EX-5.1 3 c05559exv5w1.htm EXHIBIT 5.1 Exhibit 5.1
Exhibit 5.1
     
(GOODWIN PROCTER LOGO)
  Goodwin Procter llp
Counselors at Law
Three Embarcadero Center,
24th Floor
San Francisco, CA 94111
T: 415.733.6000
F: 415.677.9041
September 1, 2010
La Jolla Pharmaceutical Company
4365 Executive Drive, Suite 300
San Diego, CA 92121
Re: Securities Being Registered under Registration Statement on Form S-8
Ladies and Gentlemen:
We have acted as counsel to you in connection with your filing of a Registration Statement on Form S-8 (the “Registration Statement”) pursuant to the Securities Act of 1933, as amended (the “Securities Act”), on or about the date hereof relating to the registration of an aggregate of 19,400,000 shares (the “Shares”) of Common Stock, $0.0001 par value per share, of La Jolla Pharmaceutical Company, a Delaware corporation (the “Company”), that may be issued pursuant to the Company’s 2010 Equity Incentive Plan, 1995 Employee Stock Purchase Plan, as amended, and option agreements with individual officers (collectively, the “Plans”).
We have reviewed such documents and made such examination of law as we have deemed appropriate to give the opinions expressed below.
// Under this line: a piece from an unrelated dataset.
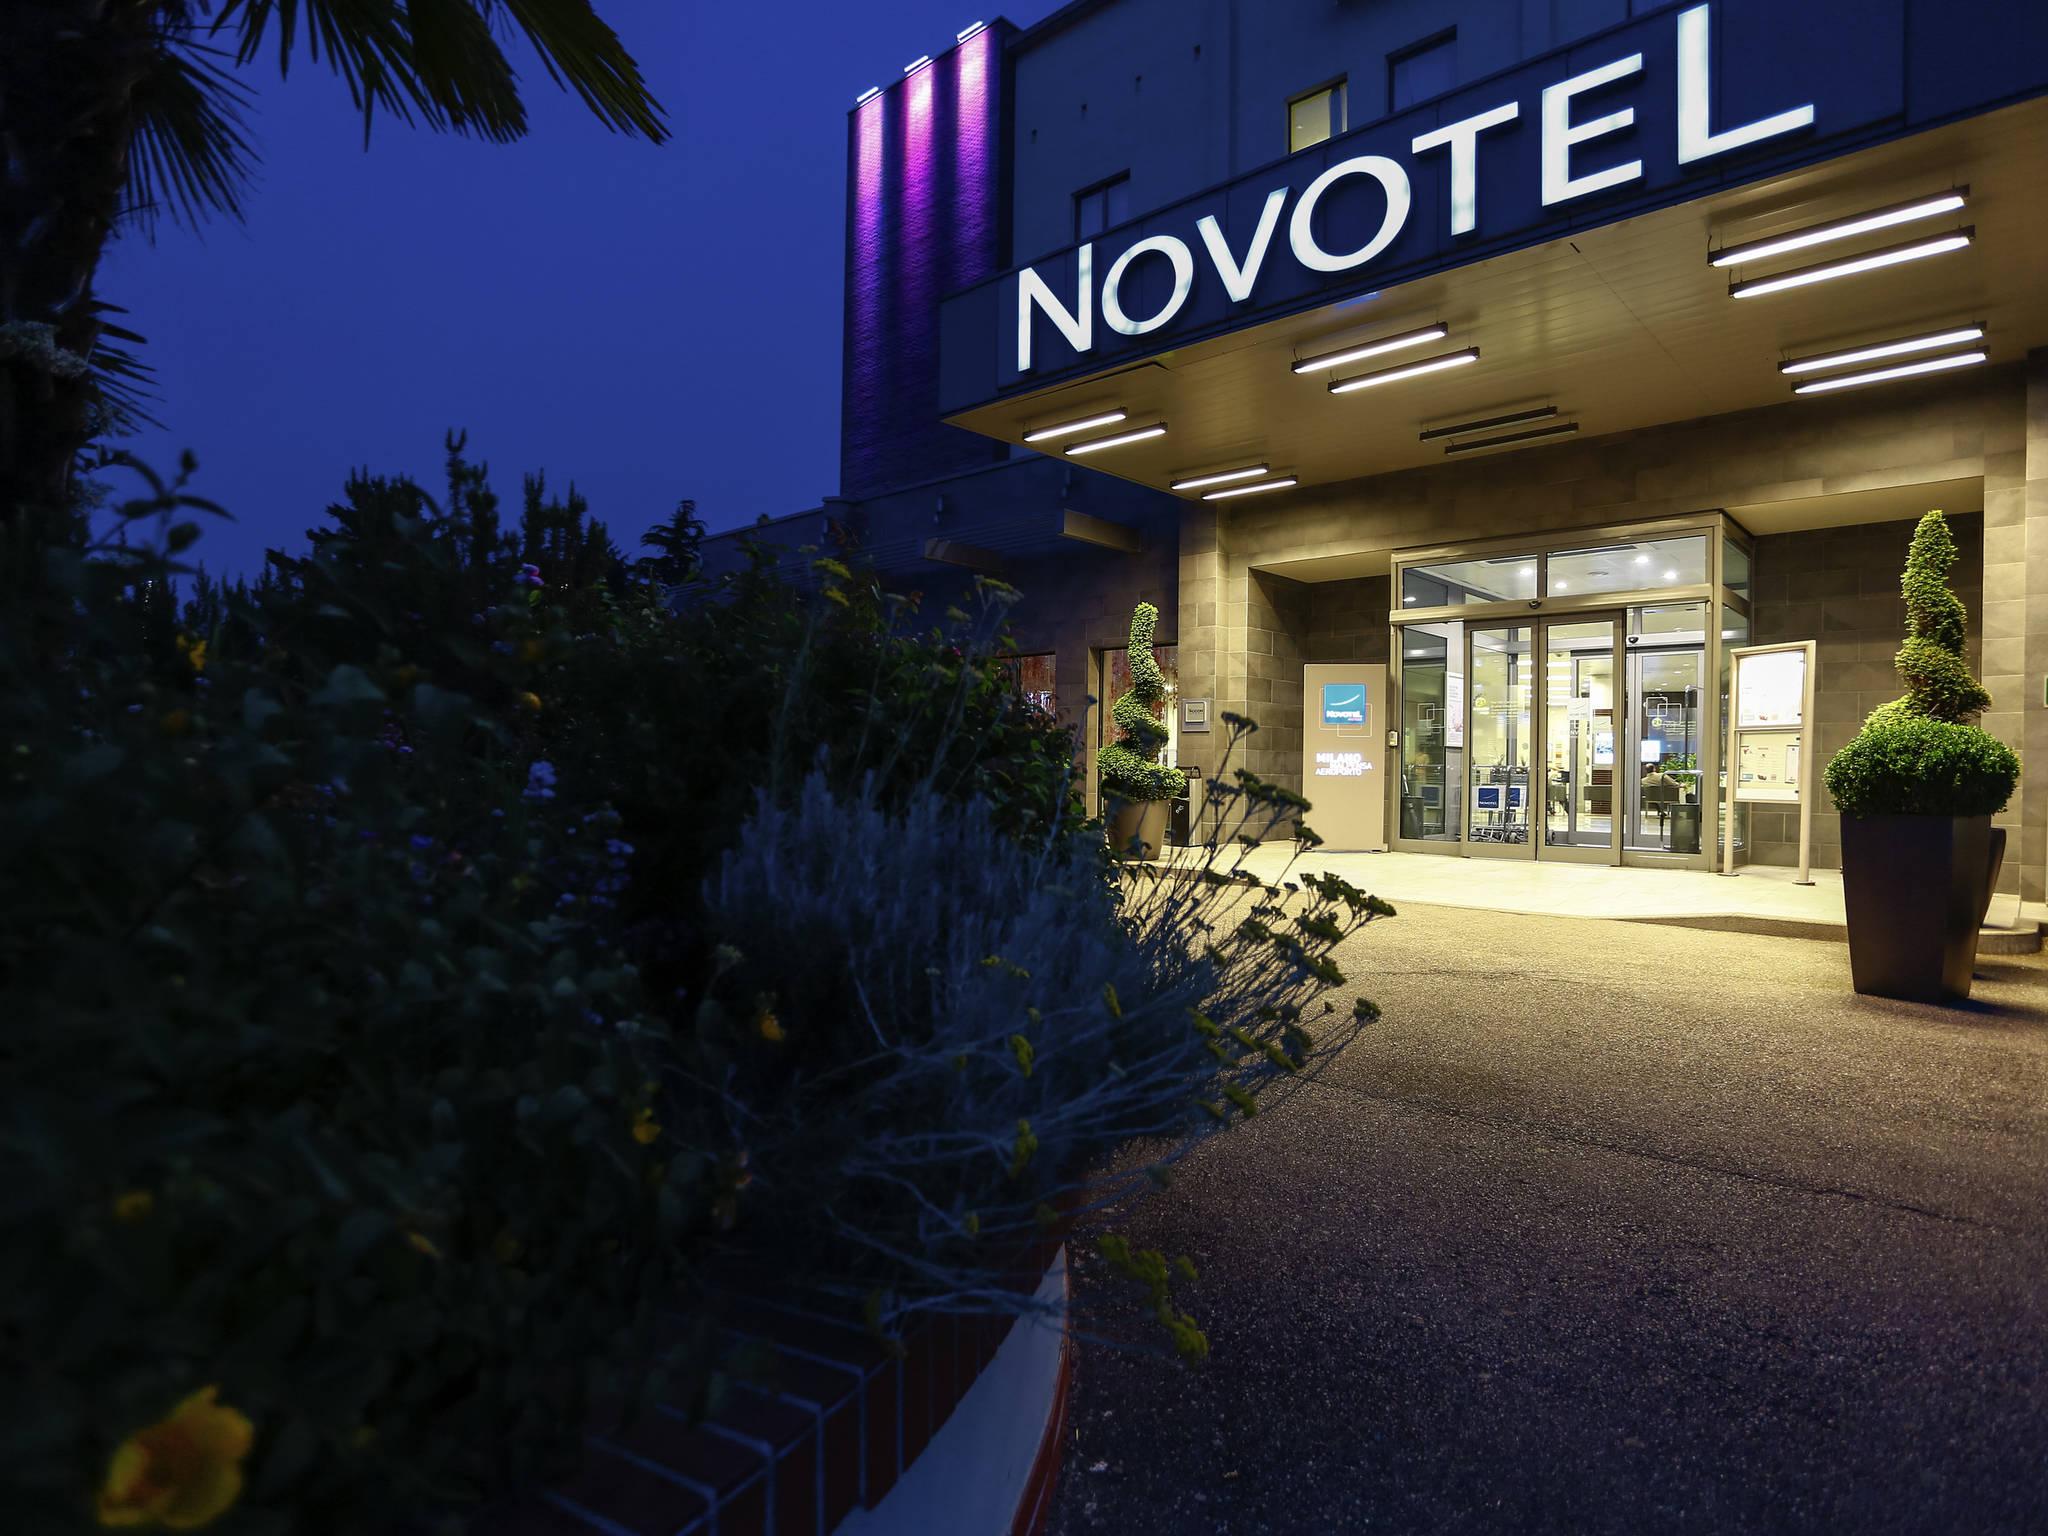 Cardano al Campo Hotels $51

We have relied, without independent verification, on certificates of public officials and, as to matters of fact material to the opinion set forth below, on certificates of officers of the Company.
The opinion expressed below is limited to the Delaware General Corporation Law (which includes reported judicial decisions interpreting the Delaware General Corporation Law).
For purposes of the opinion expressed below, we have assumed that a sufficient number of authorized but unissued shares of the Company’s Common Stock will be available for issuance when the Shares are issued.
Based on the foregoing, we are of the opinion that the Shares have been duly authorized and, upon issuance and delivery against payment therefor in accordance with the terms of the Plans, will be validly issued, fully paid and non-assessable.

 

 


 

We hereby consent to the inclusion of this opinion as Exhibit 5.1 to the Registration Statement. In giving our consent, we do not admit that we are in the category of persons whose consent is required under Section 7 of the Securities Act or the rules and regulations thereunder.